DATA FOR THIS EXERCISE:

══════════

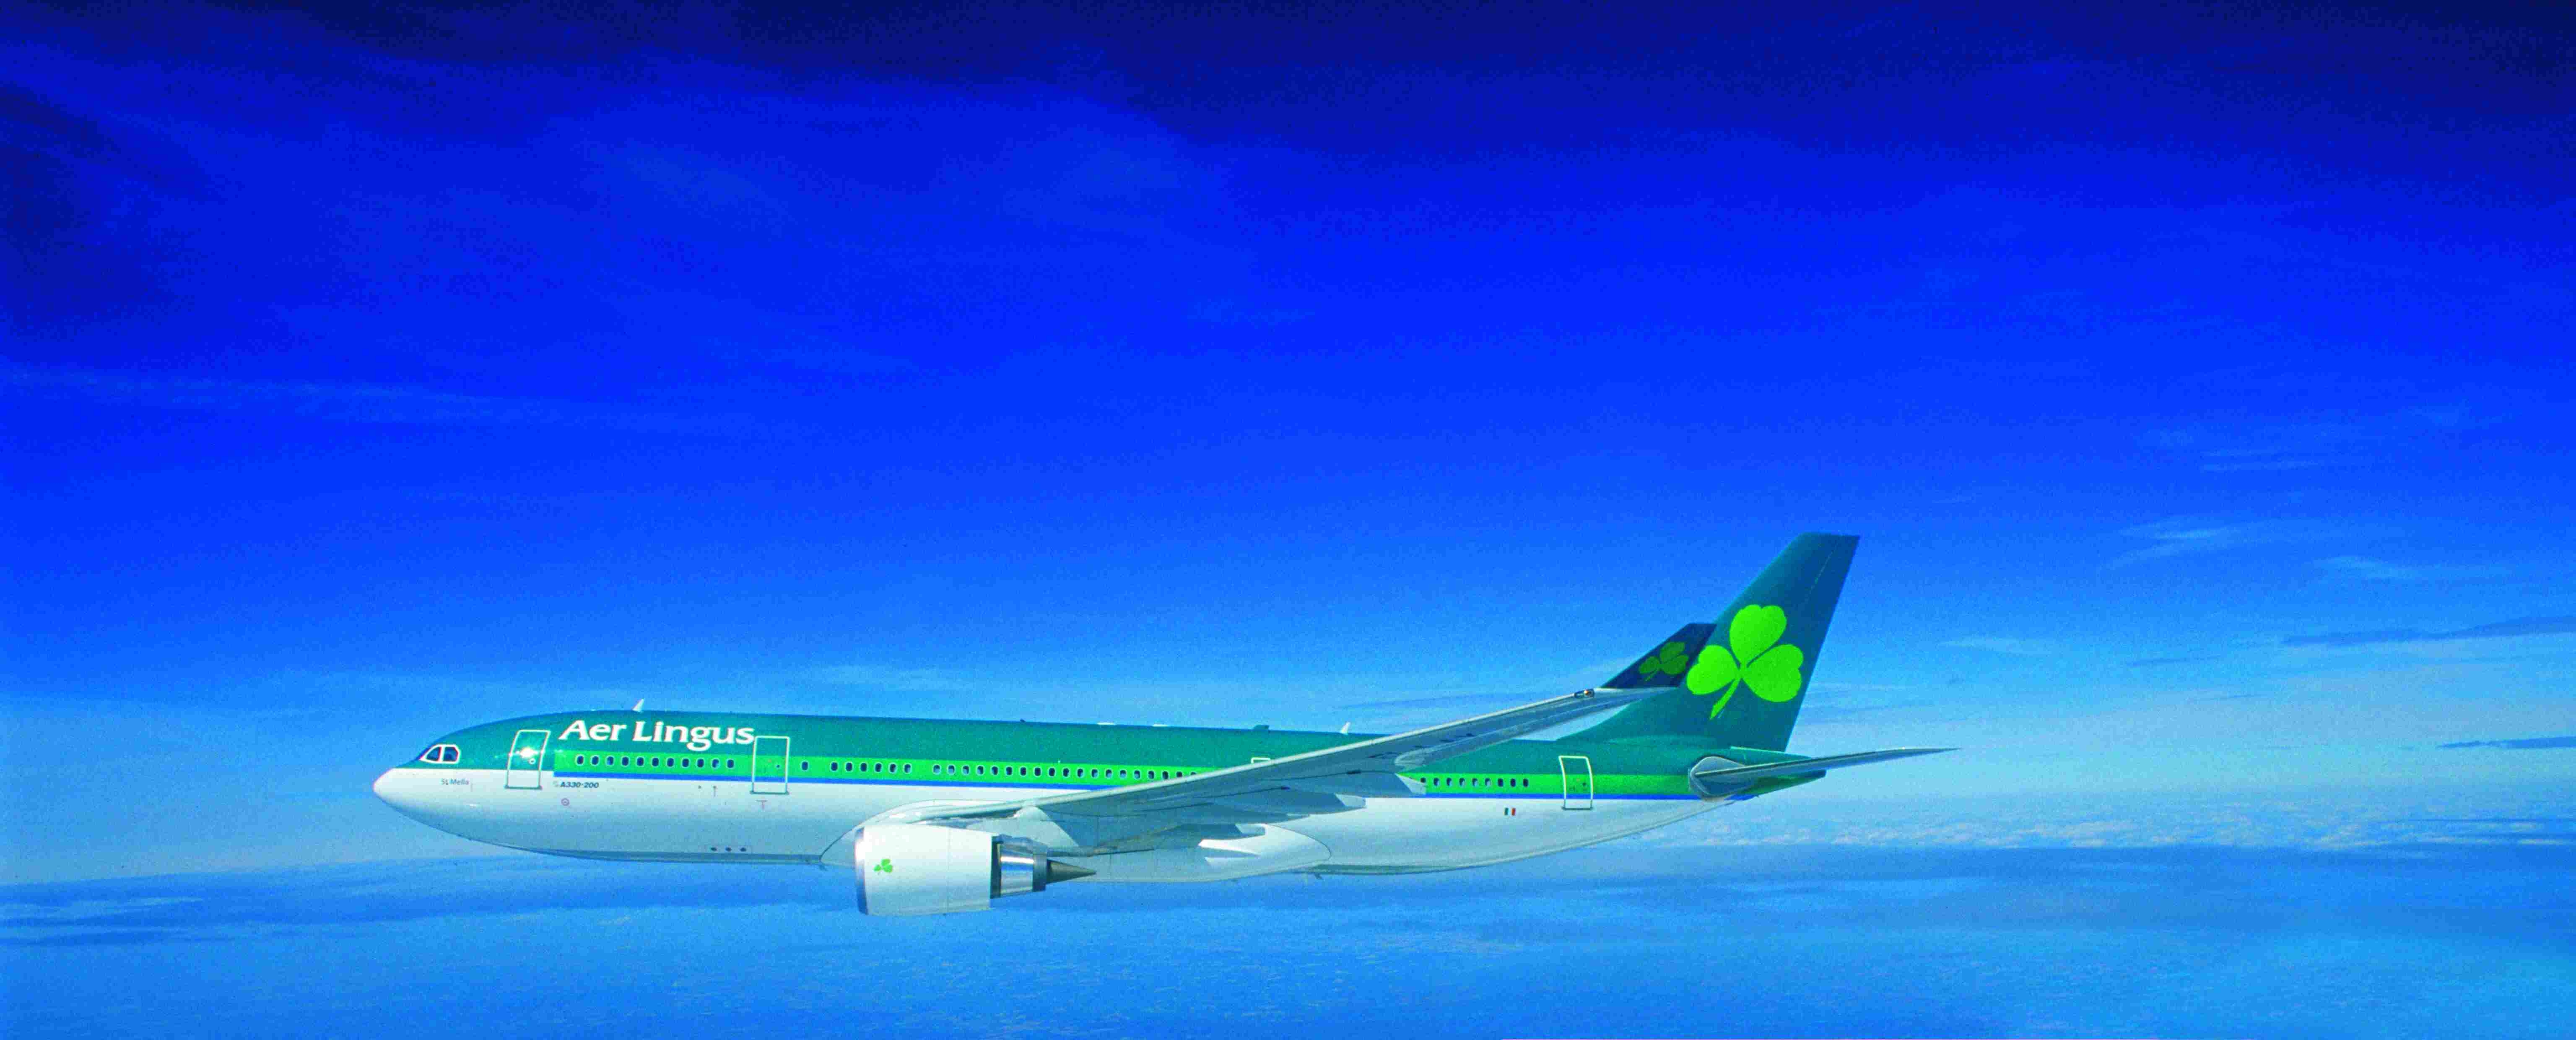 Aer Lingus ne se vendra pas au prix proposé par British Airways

══════════

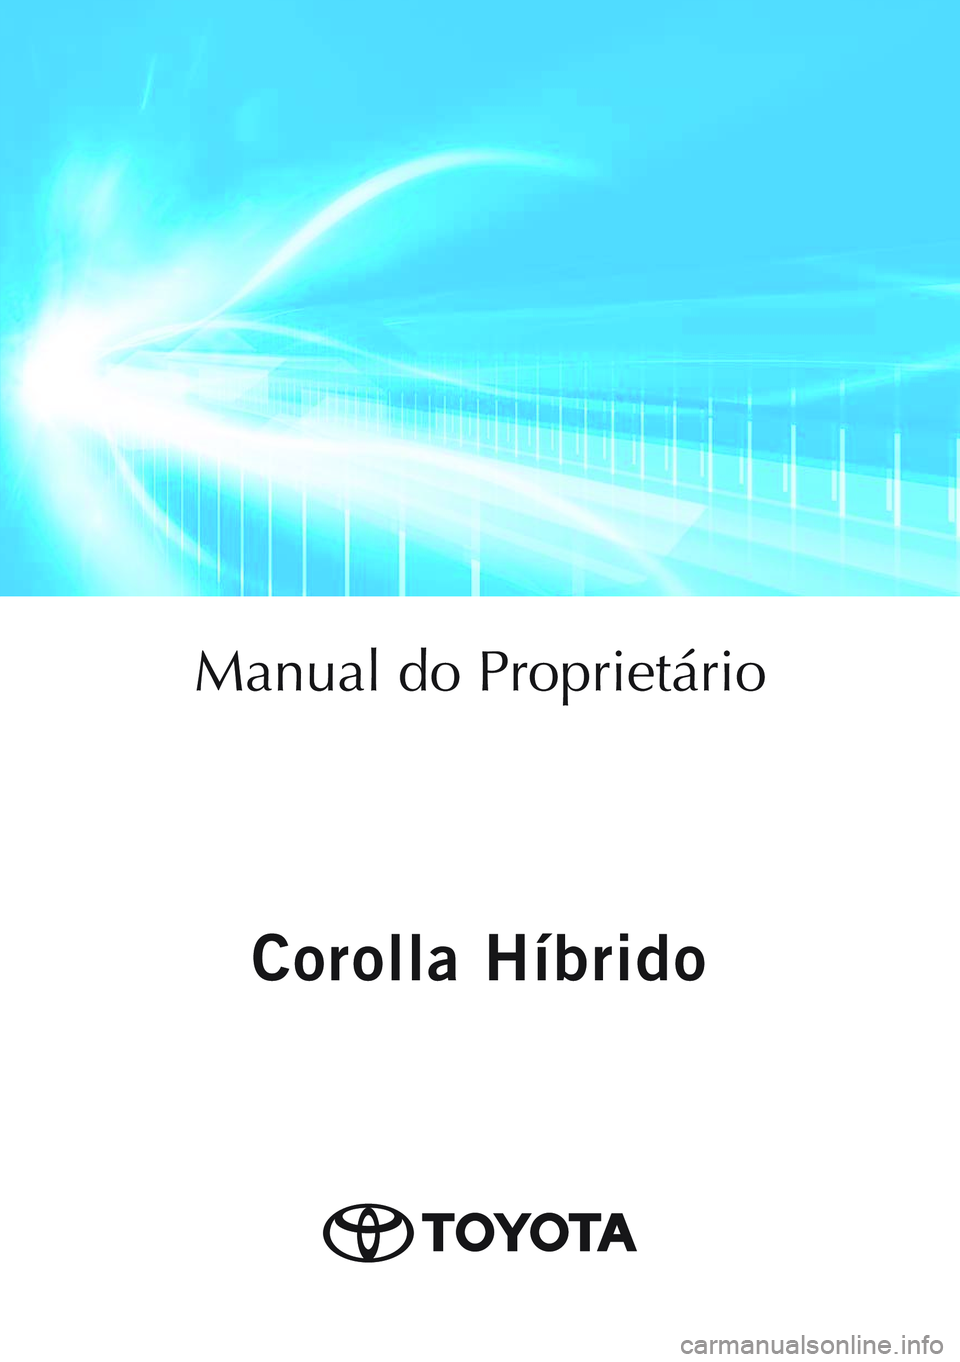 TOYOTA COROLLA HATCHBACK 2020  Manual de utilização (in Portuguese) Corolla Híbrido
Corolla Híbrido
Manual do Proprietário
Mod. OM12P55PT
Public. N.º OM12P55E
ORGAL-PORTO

══════════

WHAT YOU NEED TO DO: Write out word for word the lines above that run from the one with "TOYOTA COROLLA HATCHBACK" to the one with "ORGAL-PORTO". Include both end lines; exclude the images.

EXERCISE OUTPUT:
 TOYOTA COROLLA HATCHBACK 2020  Manual de utilização (in Portuguese) Corolla Híbrido
Corolla Híbrido
Manual do Proprietário
Mod. OM12P55PT
Public. N.º OM12P55E
ORGAL-PORTO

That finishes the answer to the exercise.